Promotional Offers in Oman: Key Considerations

A commercial establishment looking to conduct a promotional offer in Oman must be aware of and comply with the provisions and terms set out in Ministerial Decision 239/2013 (the “Regulations”), the key aspects of which are set out herein.

Do you need a licence to conduct a promotional offer? 

By Article 3 of the Regulations, a commercial establishment must obtain a licence from the Ministry of Commerce and Industry (the “MOCI”) prior to undertaking or advertising any promotional offer. It is important to note that a licence shall only be granted to an Omani entity or a registered agent or distributor in Oman. Further, a licence application must be submitted to the MOCI at least fifteen days prior to the start of the promotional offer and must be supplemented with the following details:

  • type of offer and way of running the promotion; 
  • periods and places in which the promotion will be run; 
  • a list detailing the number and type of prizes and gifts to be given to the winners; and 
  • date and place for raffle and mechanism of selection of the winner. 

The MOCI is the responsible authority for review and approval of any such licence application. On the basis that approval is granted, the period of the promotional offer shall be a maximum of two months. However, it is within the MOCI’s discretion to grant one licence which runs for two concurrent periods, equating to four months. As Article 6 of the Regulations limits the amount of times any given promotional offer may run to four times a year, and the period for each promotional offer is two months, the maximum time in which the promotion can run is eight months per annum. If the MOCI grants a licence for an initial period of four months (i.e., two concurrent periods), the licence may be renewed for a further two months and then a further two months period after that. 

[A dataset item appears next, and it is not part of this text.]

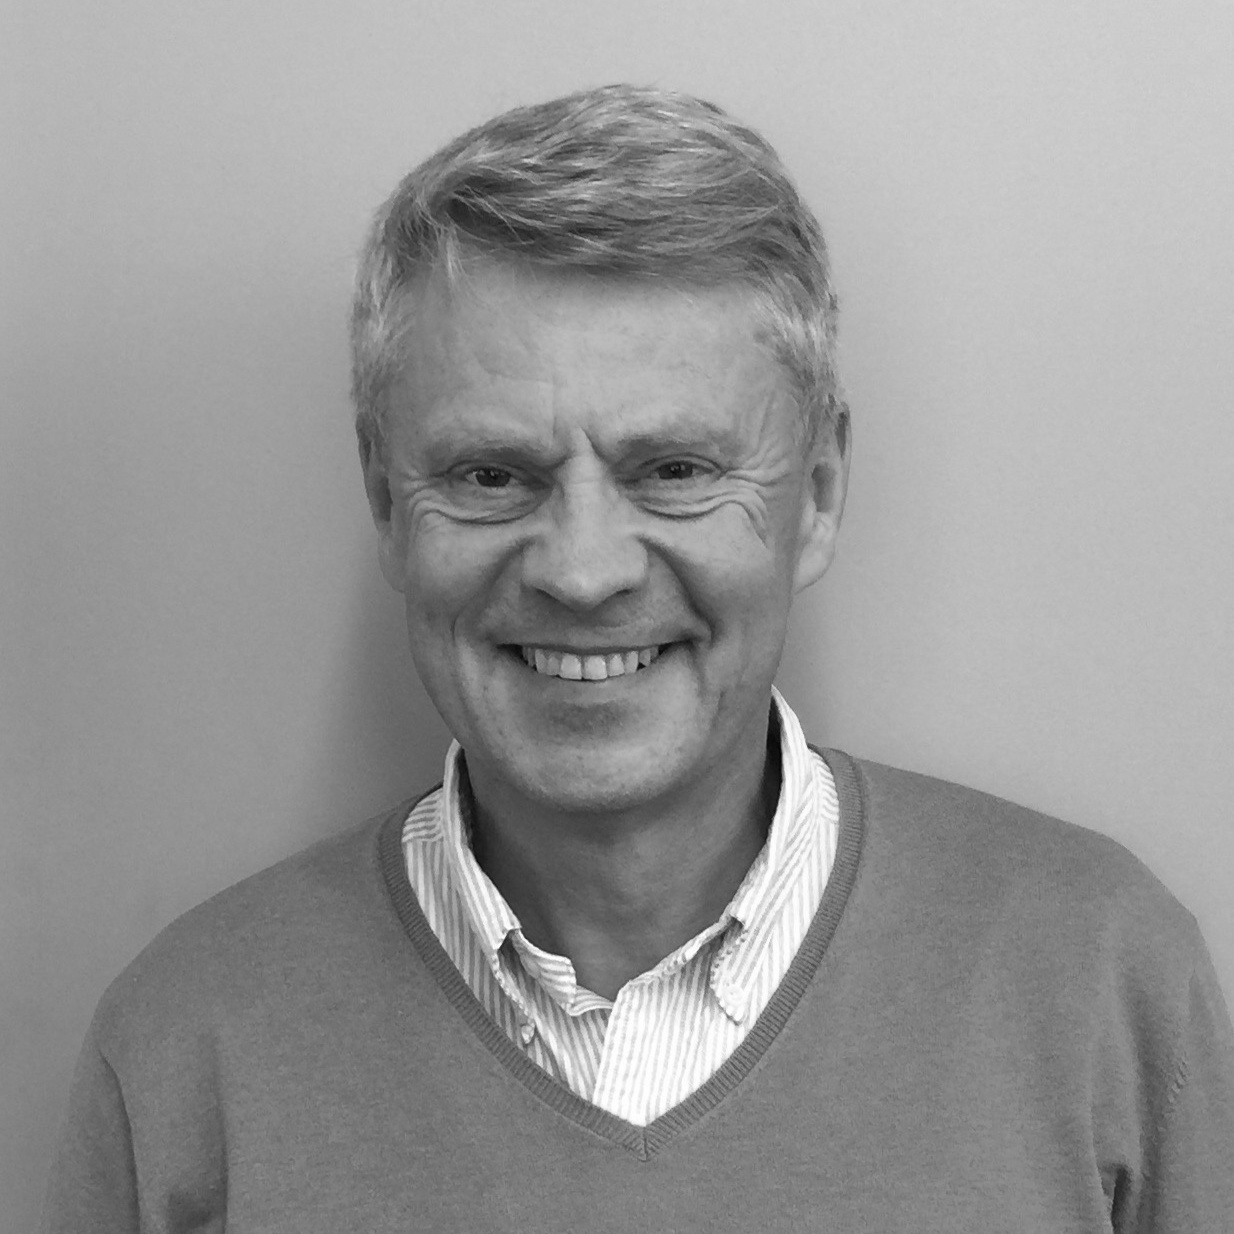 Jan M. Bjordal (KYGO)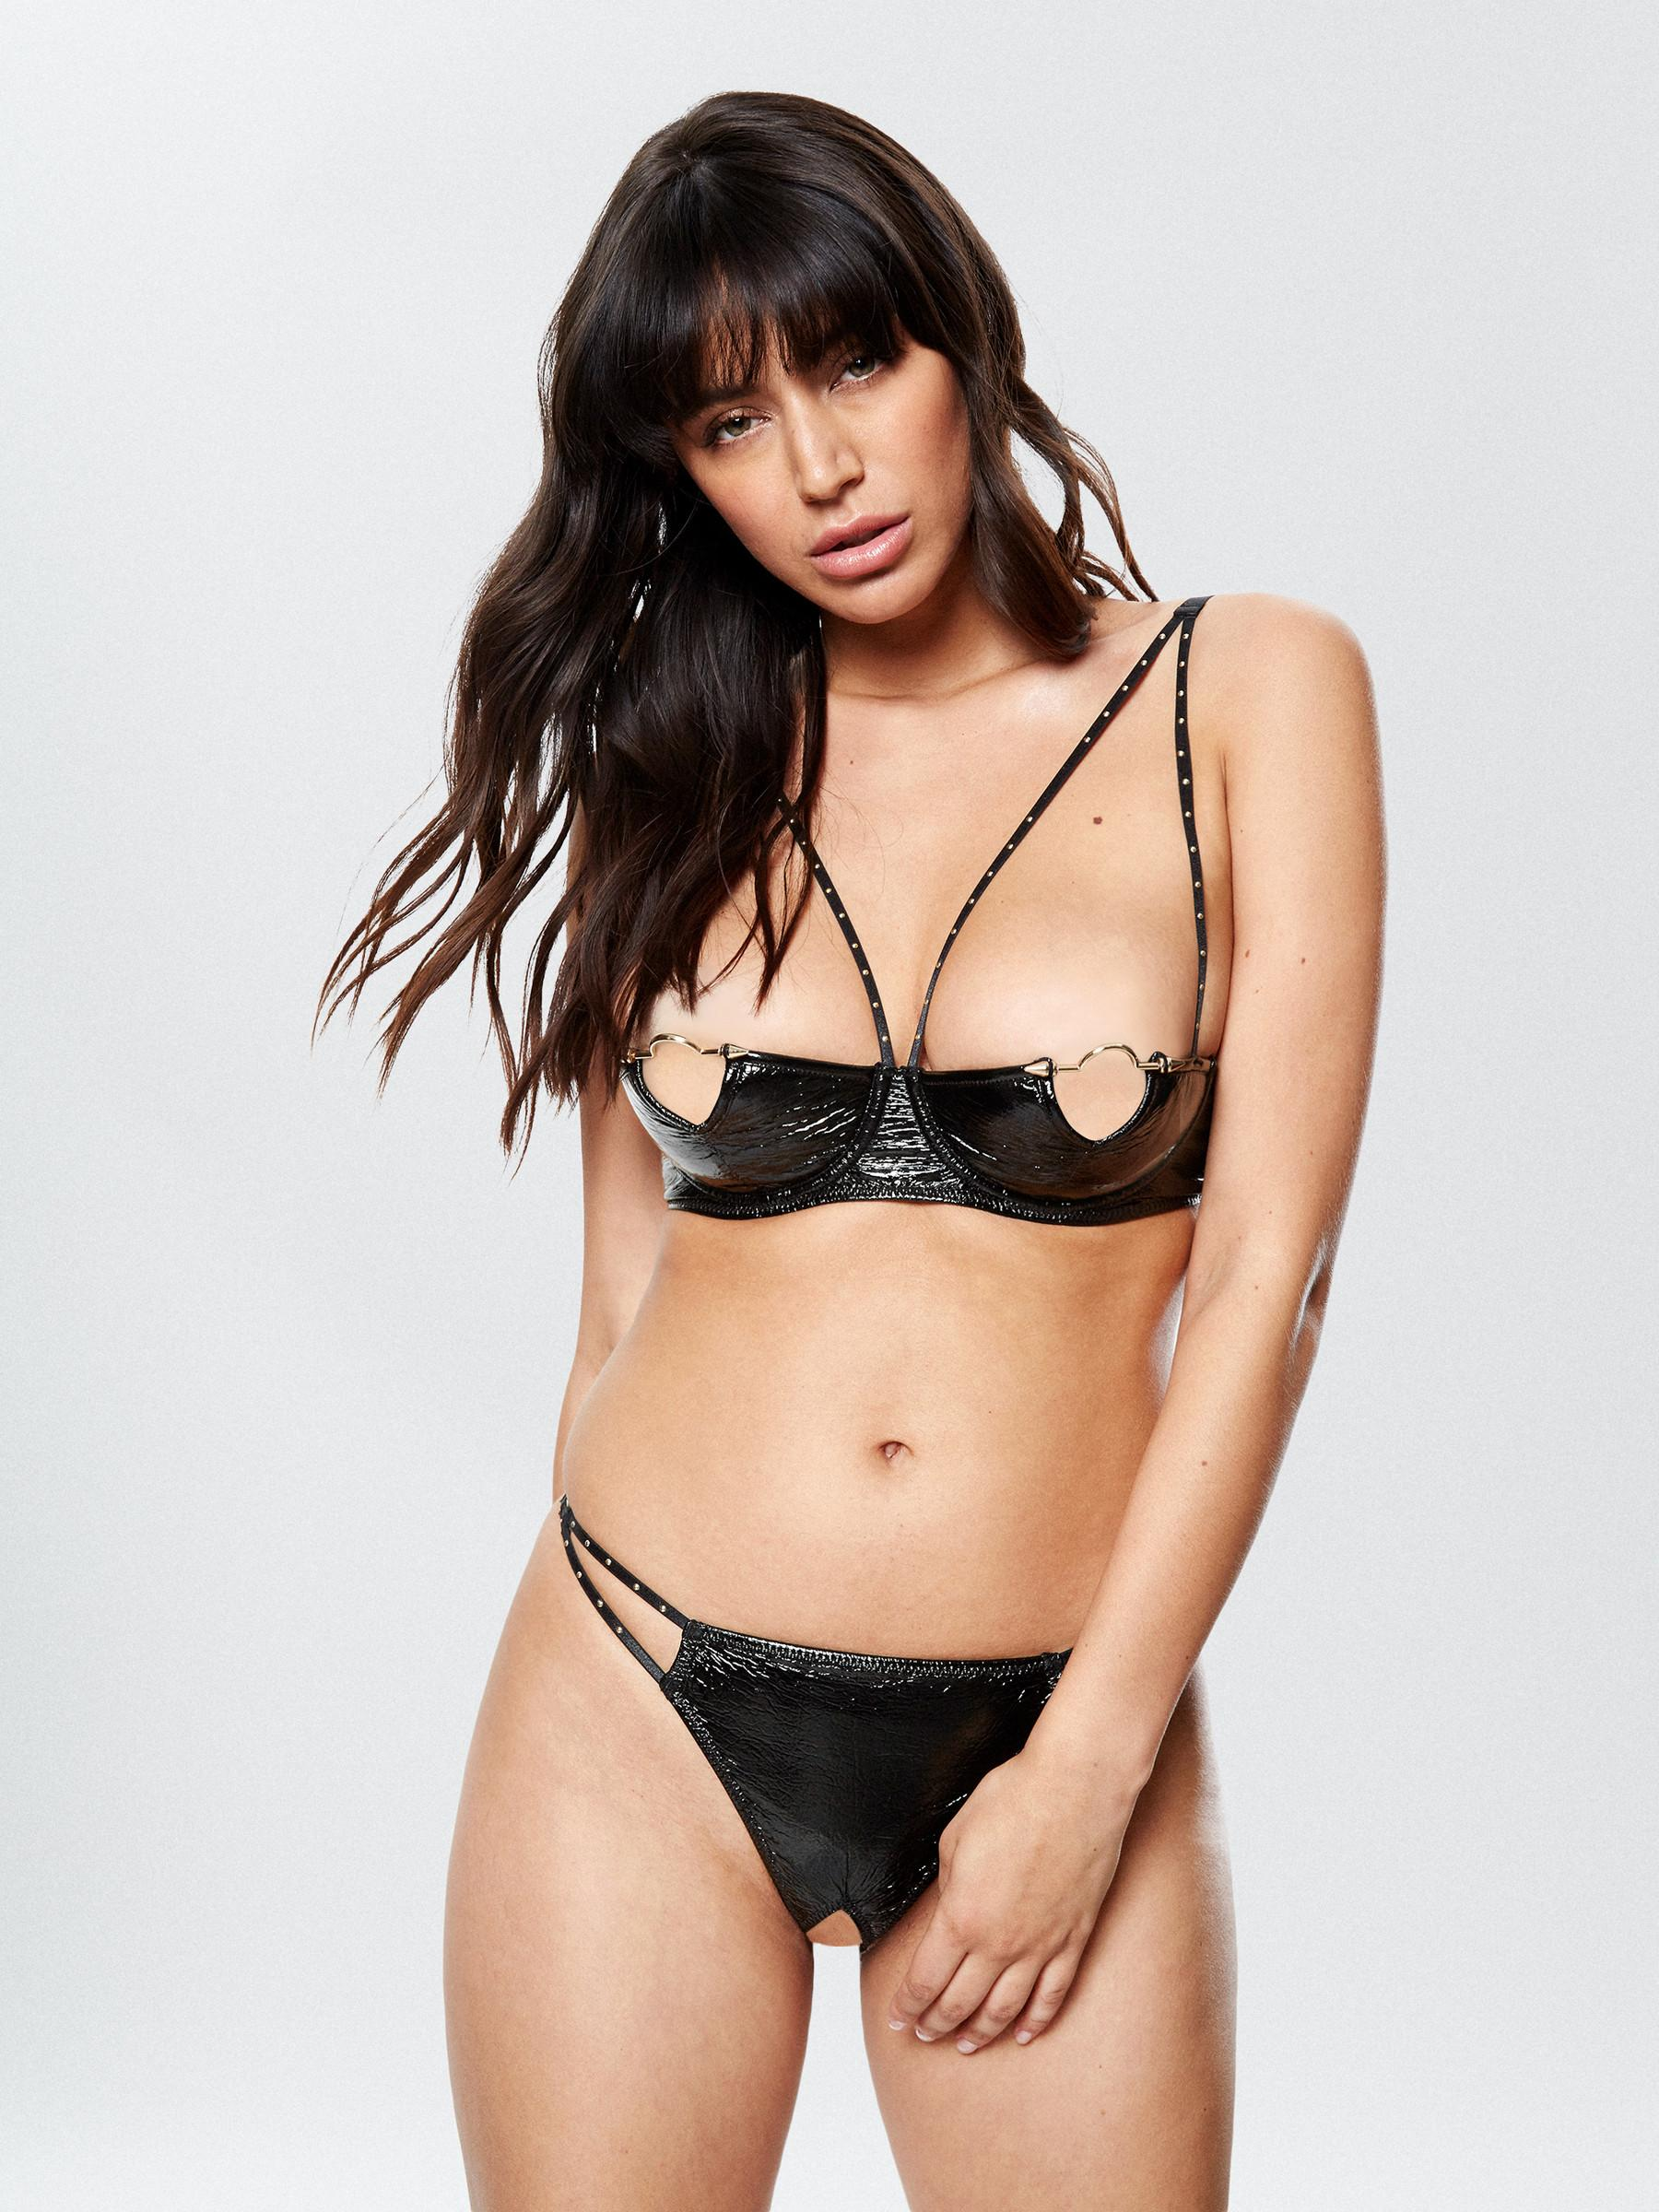 1c0e08fbc0 Details about Ann Summers Womens Ada Set Sexy Quarter Bra Underwire Thong Lingerie  Underwear

Requirements on the licencee: how to effectively conduct a promotional offer? 

To comply with the Regulations, a promotional offer must be displayed in a conspicuous location within the shop(s) in which the offer is being conducted, whereas only a copy of the licence needs to be displayed in each of the locations for the period of the promotional offer.

It is a requirement on the licencee to notify the MOCI of the names and addresses of the winners of any promotional offer in Oman. Additionally, the names of the winners should also be published in two daily newspapers, one of which must be in Arabic. A winner of a promotion has a period of three months from the date of newspaper publication to claim their prize, and any Oman-based winner seeking to claim their prize after the date in which three months has elapsed shall forfeit their rights to the prize. Any unclaimed prizes of Oman-based winners should be reallocated to charitable associations under the supervision of the MOCI.

In an effort to protect the interests of consumers, in addition to the Regulations, the Consumer Protection Law promulgated by Royal Decree 66/2014 (the “CPL”) and its implementing regulations by Ministerial Decision 77/2017 (the “Implementing Regulations”) (collectively the “Relevant Legislation”) provide for strict rules on commercial enterprises. By way of example, under the CPL suppliers must provide their customers with correct and true information. Suppliers are also not permitted to engage in false or misleading advertising activities by virtue of Article 20 of the CPL. When making a promotional offer, other key requirements for a commercial establishment to be aware of and comply with include as follows:

  • coordinating with the Public Authority for Consumer Protection in addition to the MOCI; 
  • providing a statement setting out the manner of running the promotional offer; and 
  • providing a description of prizes, gifts and other benefits of any given promotional offer. 

When conducting promotional offers in Oman it is recommended to consider all provisions and terms of the Relevant Legislation. Non-compliance with the provisions of the Regulations may see a violator prohibited from conducting promotional offers for up to one year and, more serious still, under the CPL a supplier which fails to provide its customers with correct and true information could face imprisonment of between ten days to one year and/or a fine. Any supplier which engages in false or misleading advertising activities could face imprisonment of between three months to three years and/or a fine as stipulated by the CPL.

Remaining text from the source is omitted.